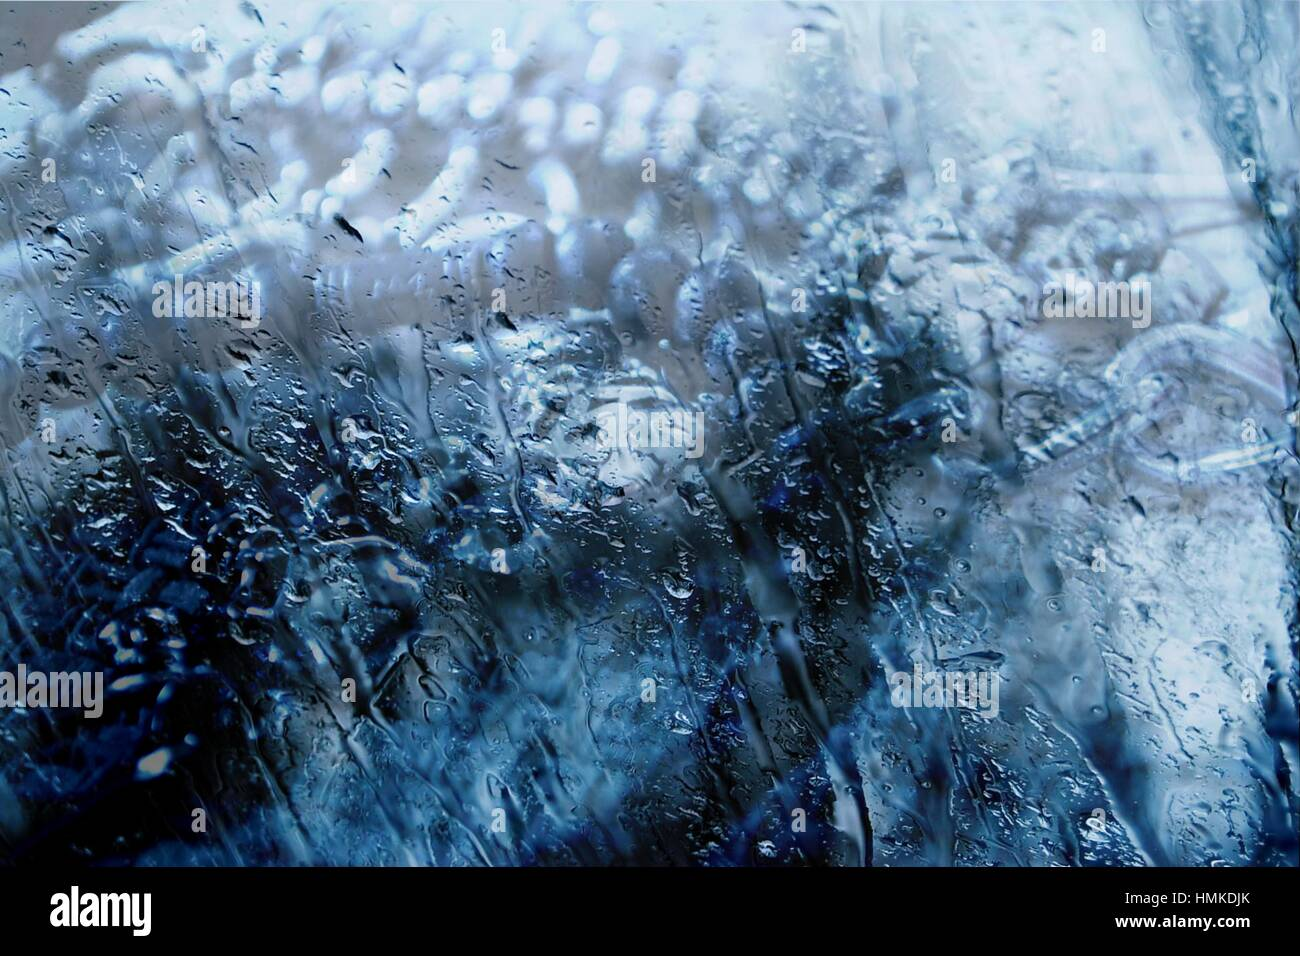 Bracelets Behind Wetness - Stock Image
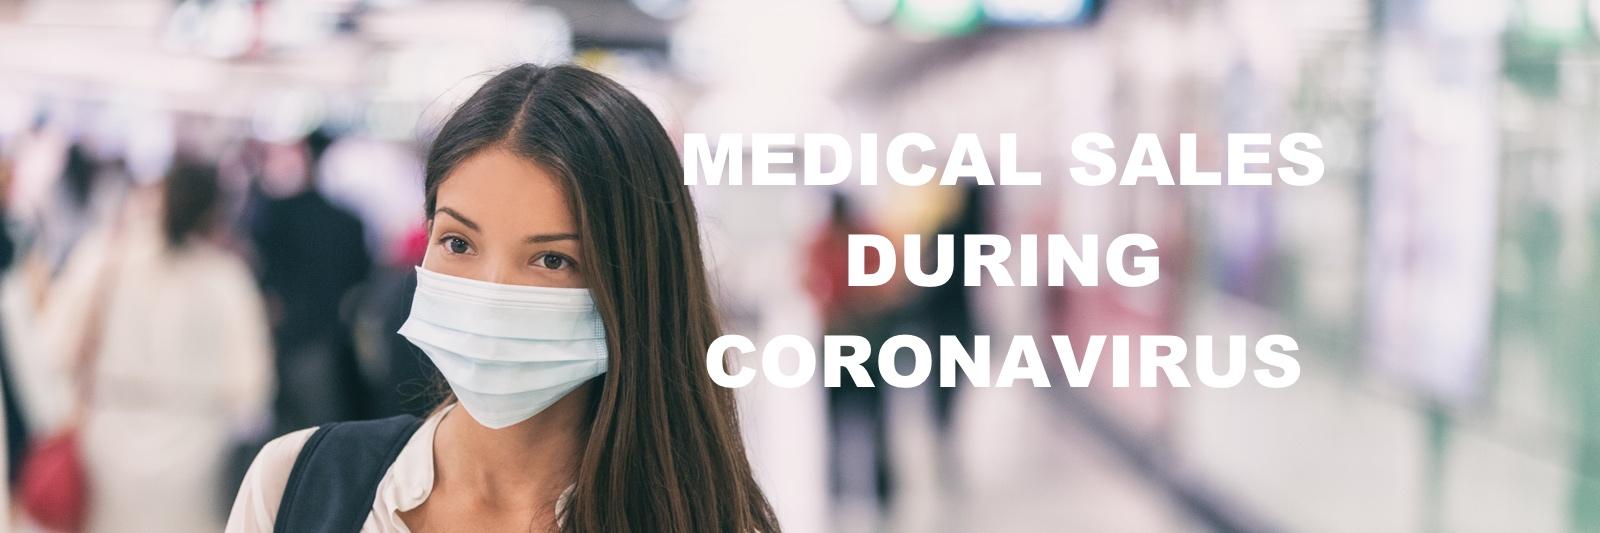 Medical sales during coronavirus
────────────────────
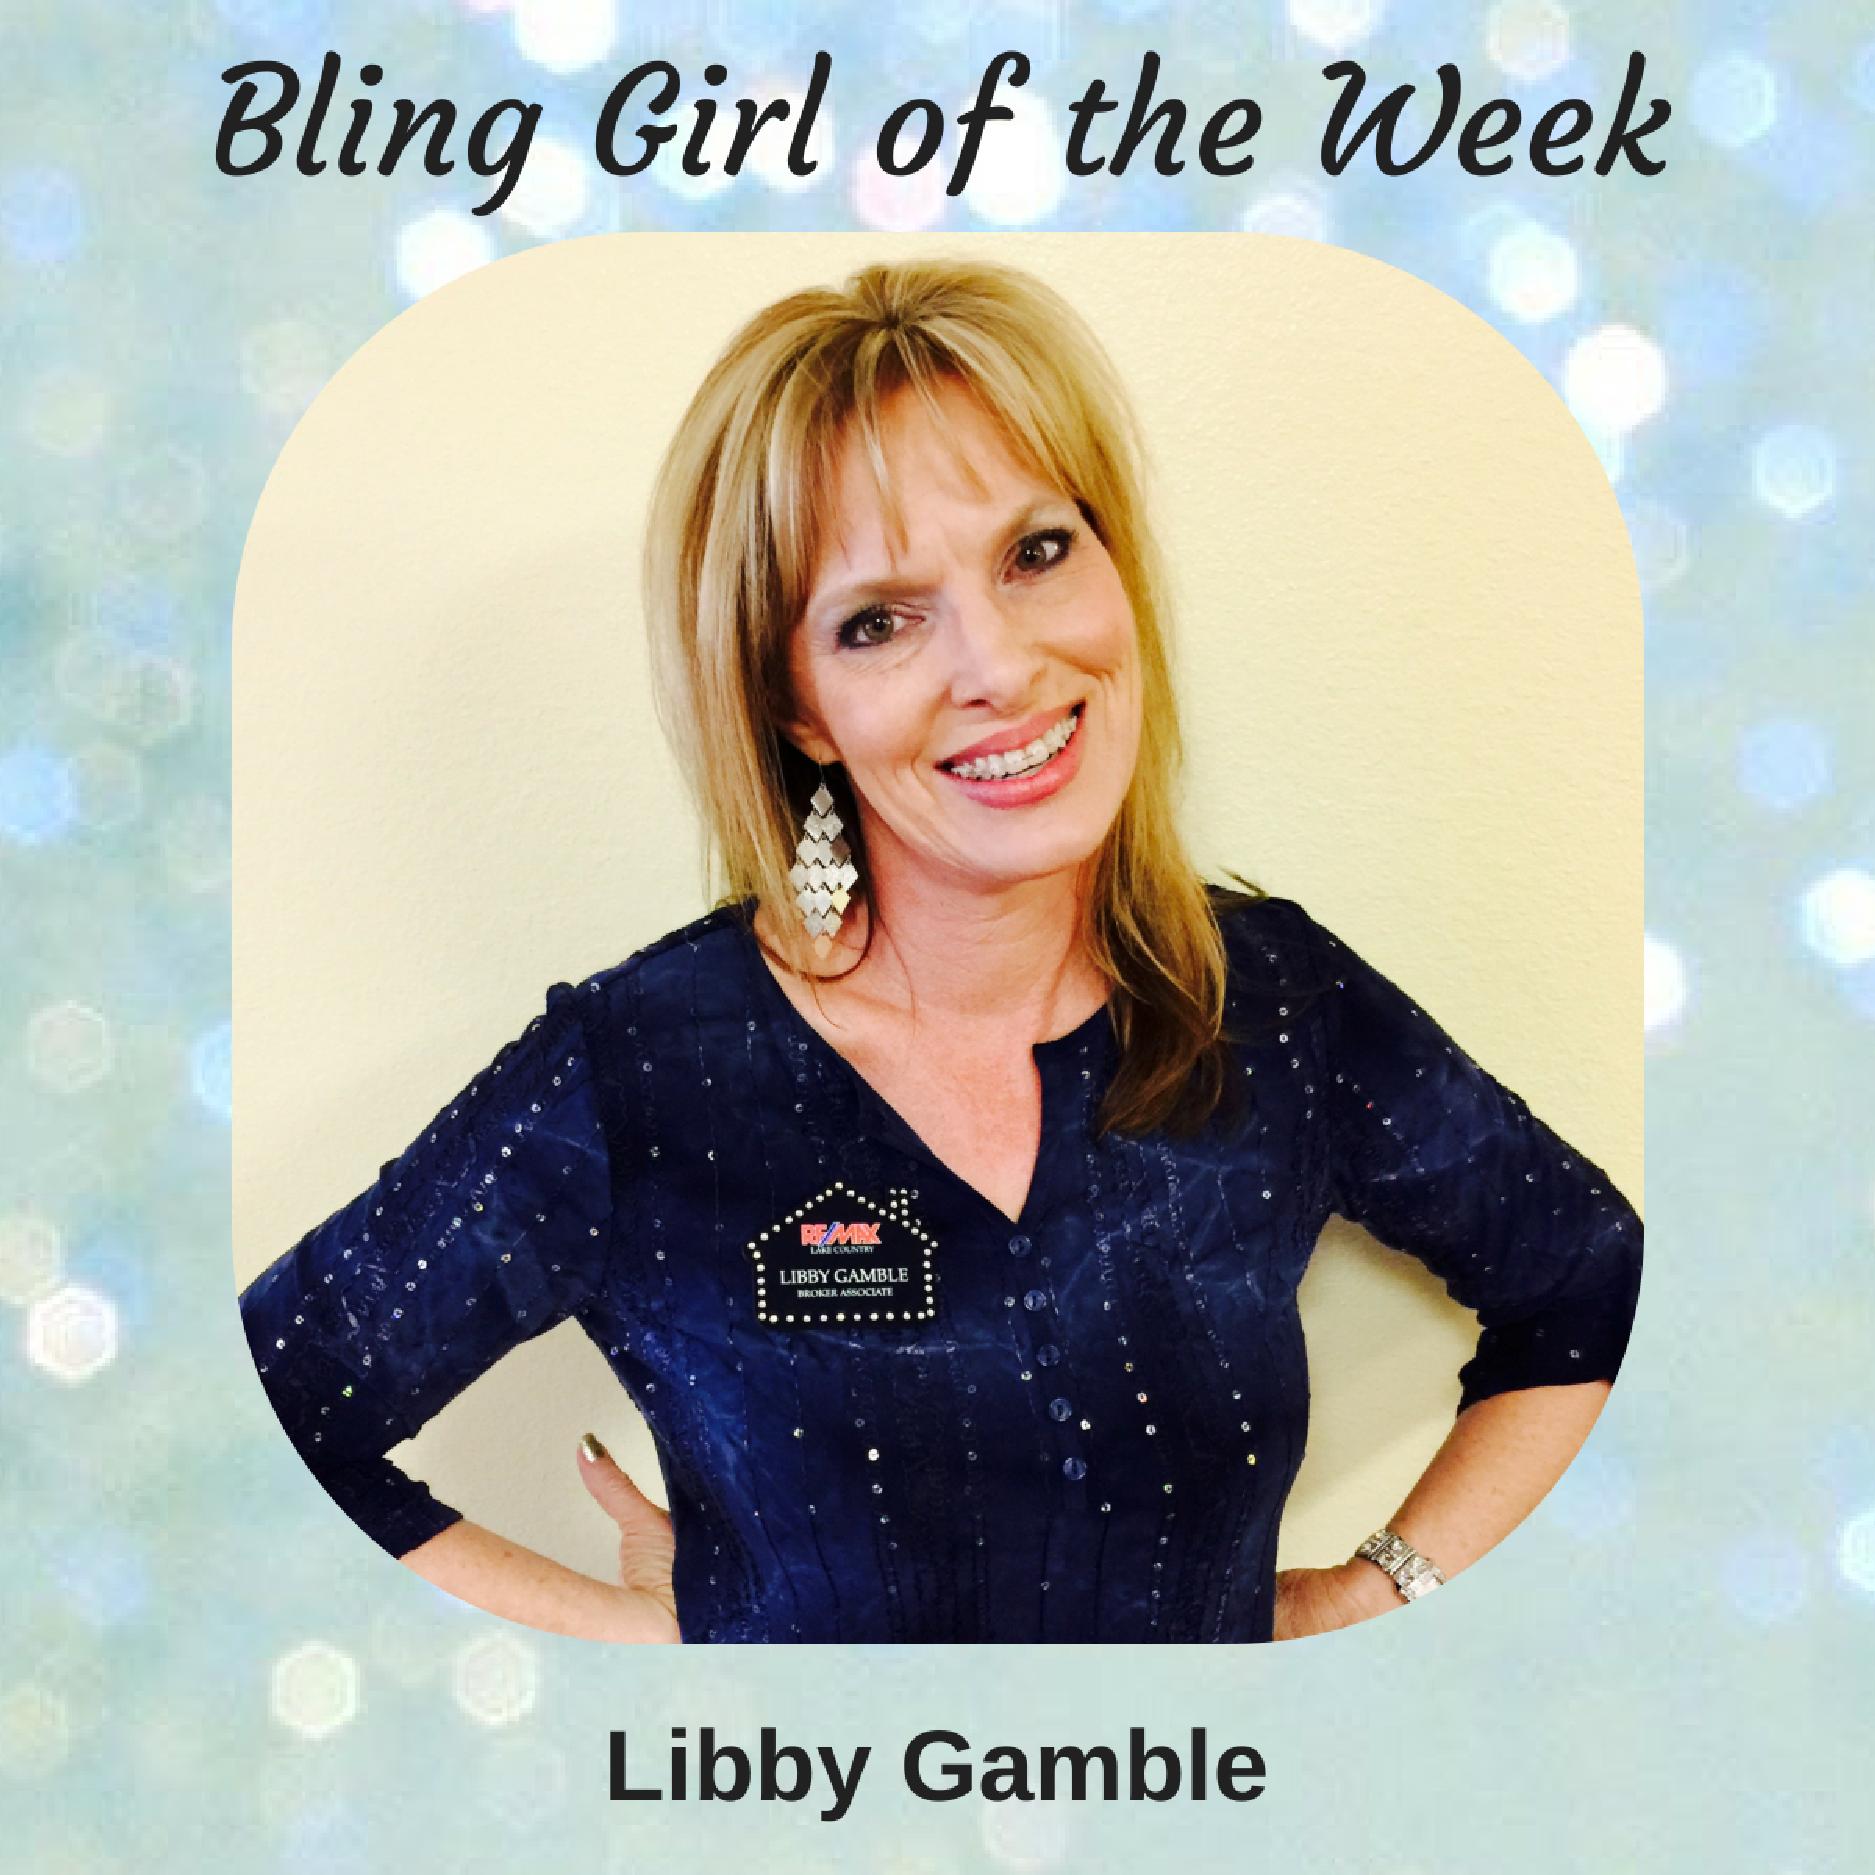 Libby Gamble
────────────────────
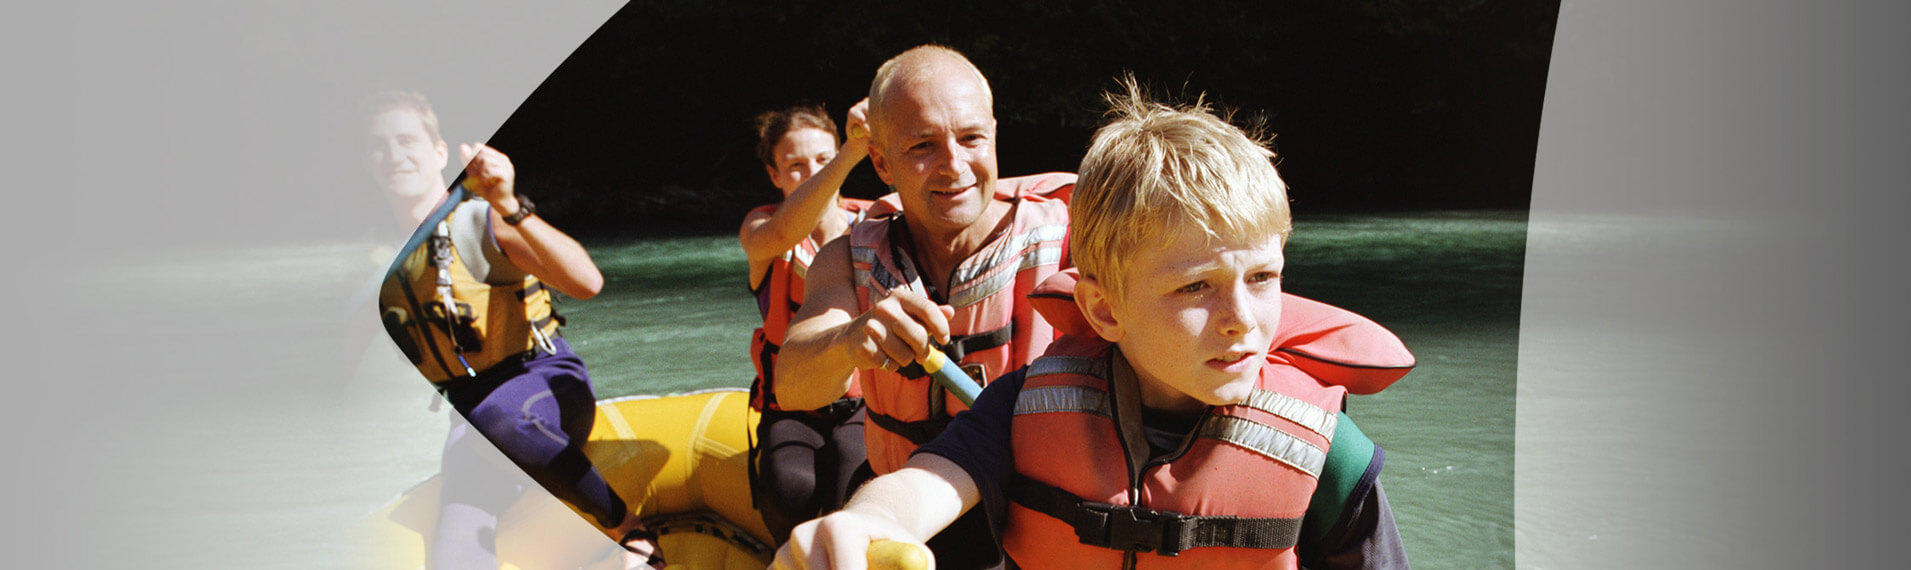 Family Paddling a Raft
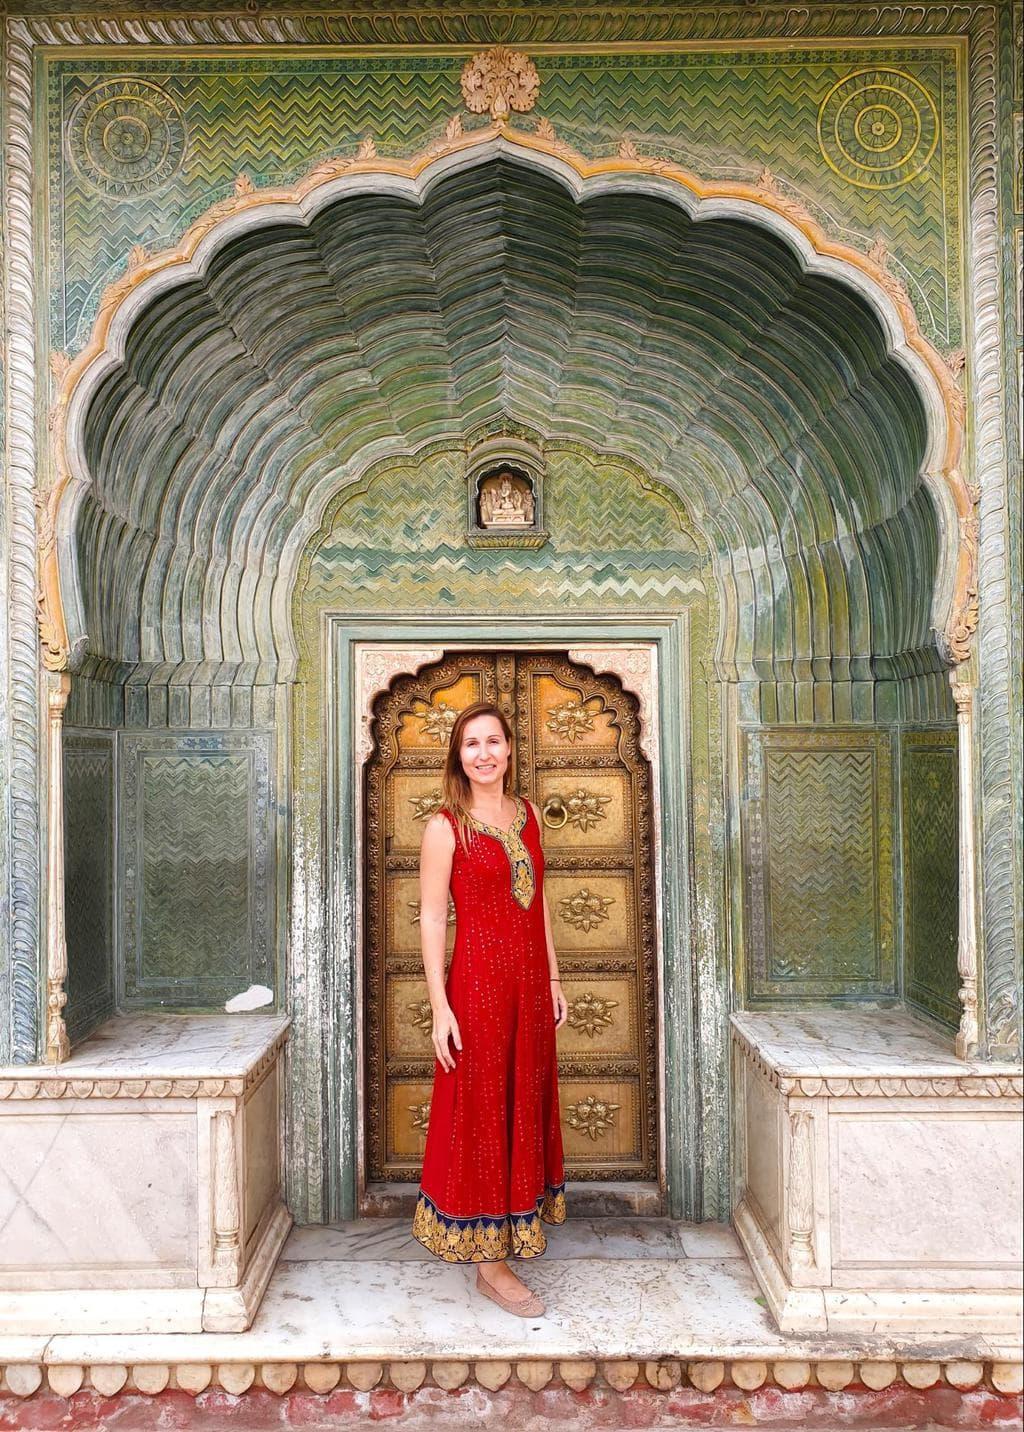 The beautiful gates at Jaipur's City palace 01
────────────────────
» **What is expected**
Please repeat, exactly as written, the lines in the records above, starting with the one that has "Bracelets Behind Wetness - Stock Image" and going on through the one that has "Medical sales during coronavirus". Pictures are to be left out.

» **Solved problem**
 Bracelets Behind Wetness - Stock Image
 Medical sales during coronavirus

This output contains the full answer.